Methods: A retrospective chart review was conducted on 1,210 multiple myeloma patients treated at The Ohio State University Wexner Medical Center. In addition to demographic information on age, gender, age at multiple myeloma diagnosis, multiple myeloma stage and karyotype, and length of survival, information on the presence of shingles after the diagnosis of multiple myeloma, medication and dosage of prophylactic antivirals, and compliance to medication was also collected. For patients who developed shingles and were compliant with prescribed antiviral medication, their effective dose of antiviral was determined by dividing their dose of antiviral per day by their estimated GFR at the time of shingles diagnosis. Valacyclovir was converted to an equivalent dose of acyclovir (acyclovir 400 mg = valacyclovir 250 mg). GFR was determined by the CKD-EPI method, using serum creatinine and weight values taken near the time of shingles diagnosis. ALC/AMC ratios were estimated using ALC and AMC values taken near the time of multiple myeloma diagnosis. Patients with shingles were compared to an equal number of age- and gender-matched controls using a Wilcoxon rank-sum test, and patients with no ALC or AMC values taken near time of diagnosis were excluded from final comparison.

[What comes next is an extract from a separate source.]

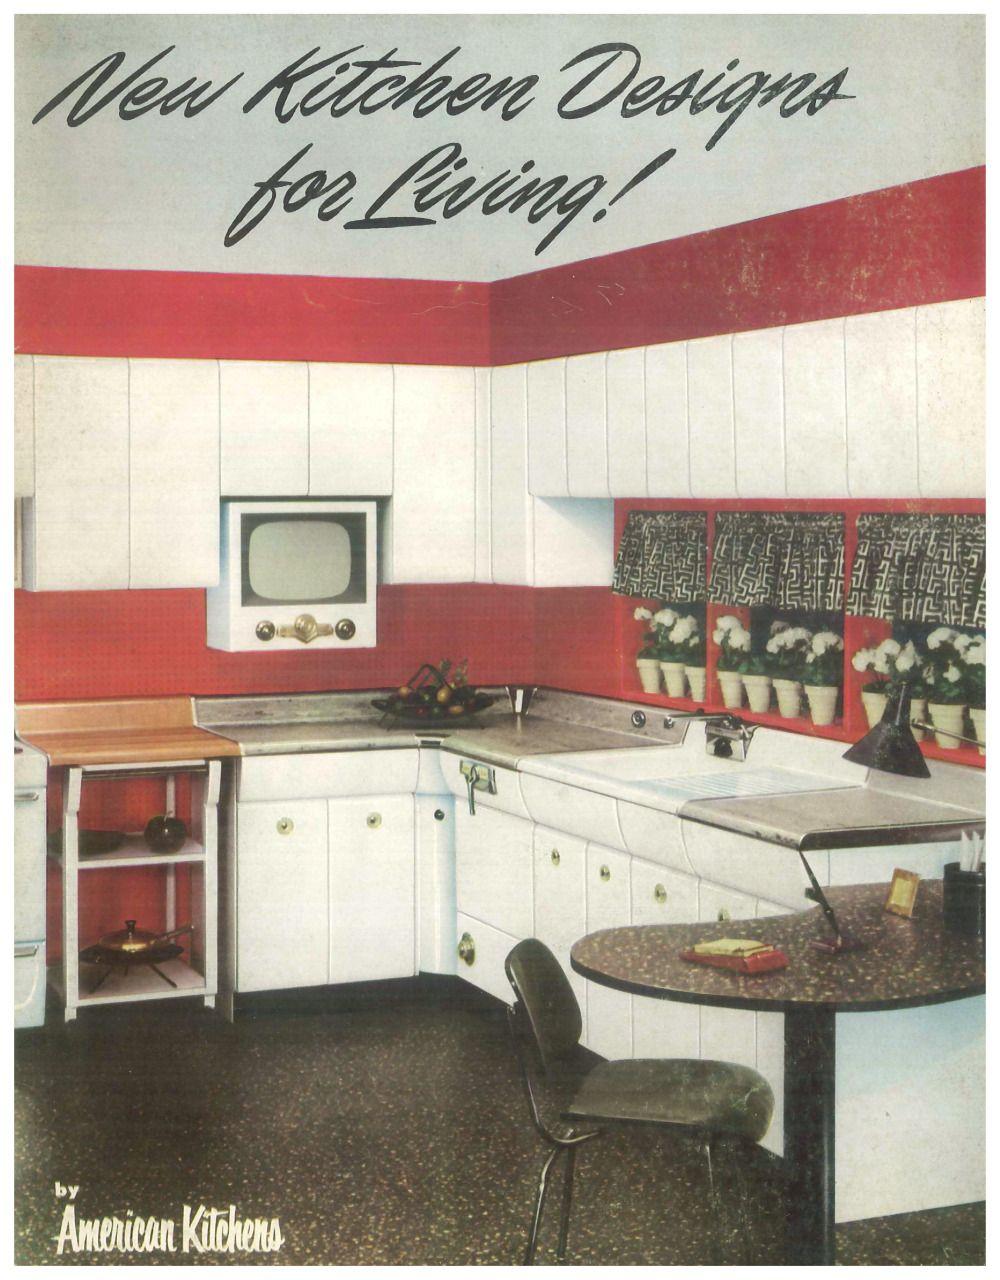 Pin By Larissa Lemke On 1950 S Americana New Kitchen Designs American Kitchen Retro Appliances

Results: Demographic information on the patients included in this study can be found in Table 1. Out of 1210 multiple myeloma patients, 127 patients (10.5%) developed shingles after diagnosis, and of these, only 6 patients (0.5%) were both prescribed a prophylactic antiviral (acyclovir or valacyclovir) and were compliant with their antiviral medication (Figure 1). Most patients (77%) were not receiving antiviral prophylaxis, and even if antivirals were prescribed, only 21% were compliant. The average time from multiple myeloma diagnosis to shingles diagnosis was 1.7 years. For patients prescribed acyclovir prophylaxis, doses ranged 0-2400 mg/day, with most patients (62%) taking 800mg/day and 49% of patients taking 400mg/day (Table 2). Percentages do not add up to 100% since many patients had their doses changed over time. ALC/AMC ratios were not significantly different (p=0.78) between patients with shingles vs controls (Figure 2).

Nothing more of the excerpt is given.